Jacob Winebrenner Slagle (August 31, 1903 – January 10, 1981), sometimes known as Jake Slagle, was an American football player.

Athletic career
Slagle grew up in Baltimore, Maryland, and attended the Gilman School before enrolling at Princeton University.  He played college football at the fullback, halfback and quarterback positions for the Princeton Tigers football team from 1924 to 1926 and was known as a triple-threat man who handled passing, kicking and rushing responsibilities for the team, and excelled on defense as well.
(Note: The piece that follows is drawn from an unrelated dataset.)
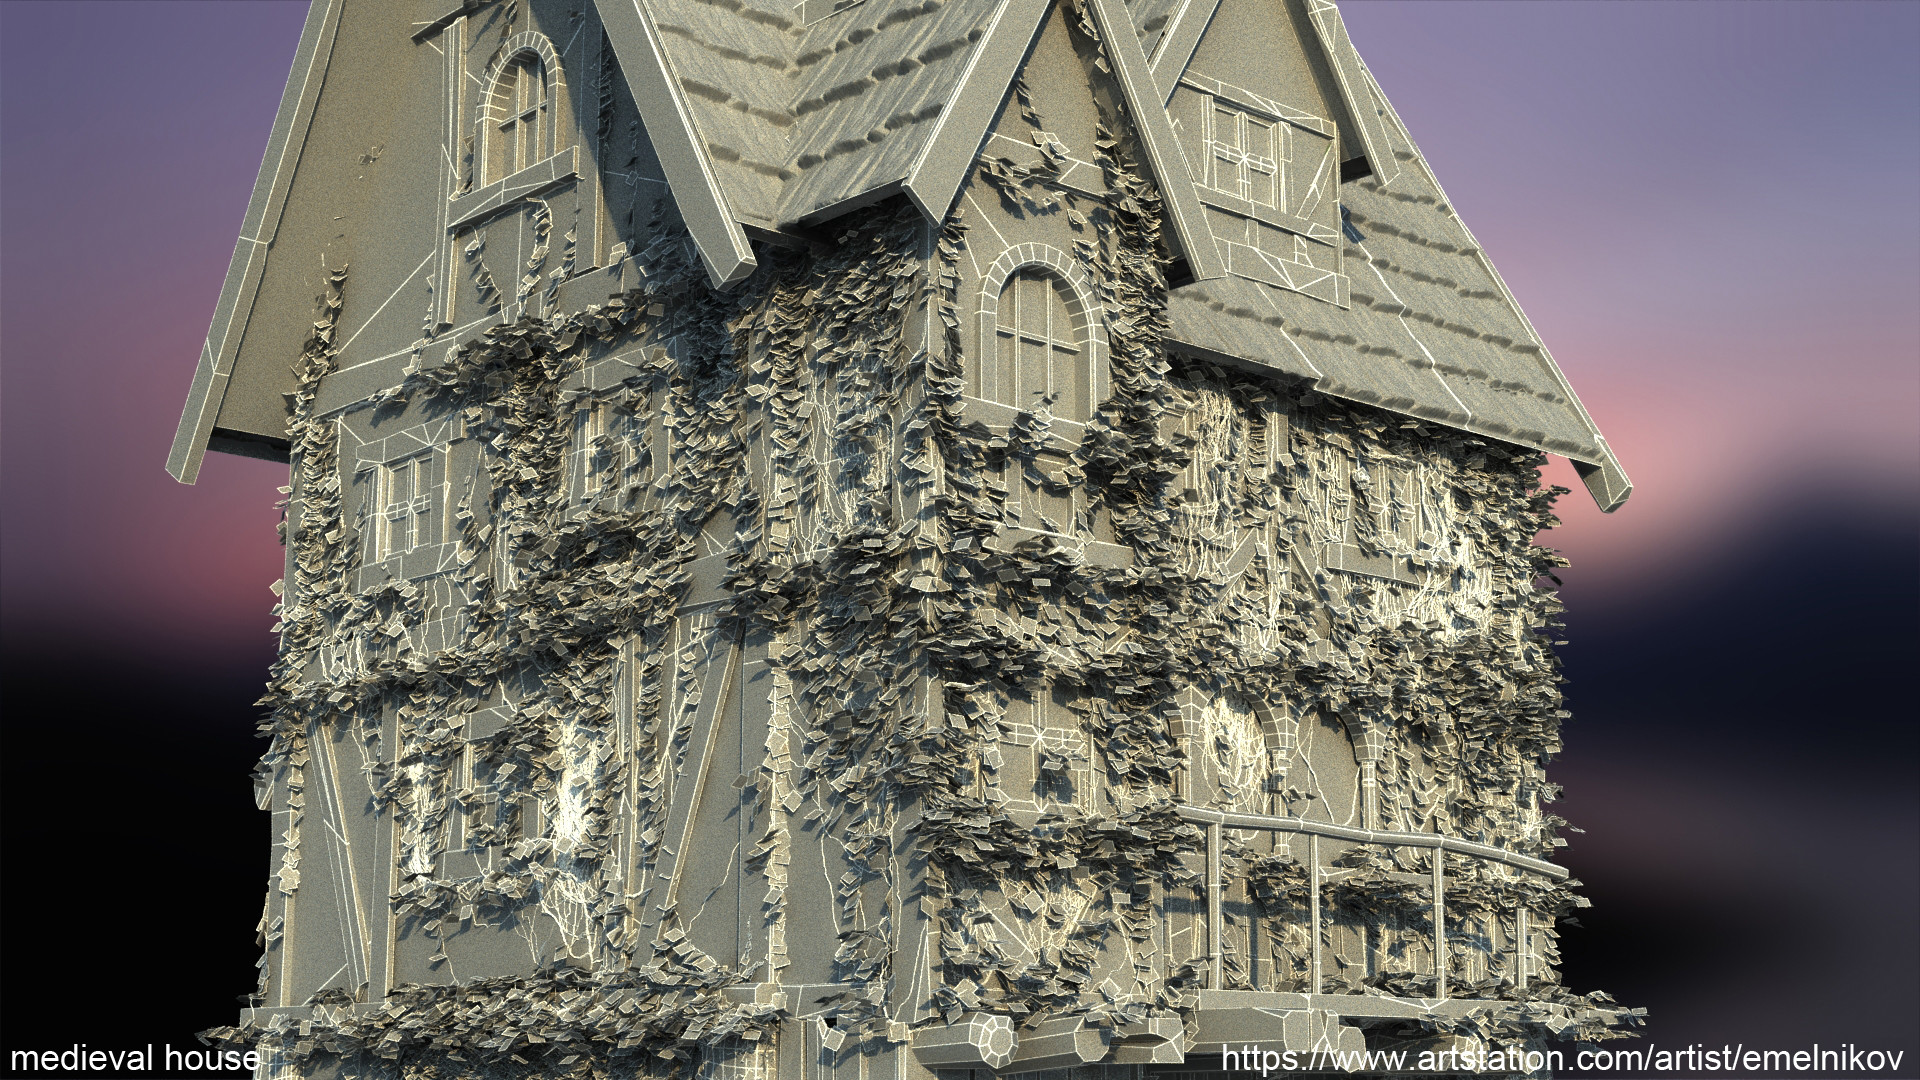 Eugene melnikov medieval house1 render frm8 wire

Slagle was selected by the United Press as a first-team fullback on the 1925 College Football All-America Team.  He also received second-team All-American honors in 1924 from Walter Camp (at quarterback) and in 1925 from the Associated Press (at fullback), All-America Board (at quarterback), Collier's Weekly (at halfback), and others.

After missing most of the 1926 season due to illness, Slagle left the hospital in November 1926 to lead the Tigers to their third consecutive victory over Harvard.  After that game, Princeton coach Bill Roper praised Slagle's efforts:"Slagle played the most remarkable game today, in many ways, ever seen on a football field.  When you consider that previously he had played only forty minutes of football during the present season and came out of the hospital only a week ago, I think the brilliance of his performance was unbeatable."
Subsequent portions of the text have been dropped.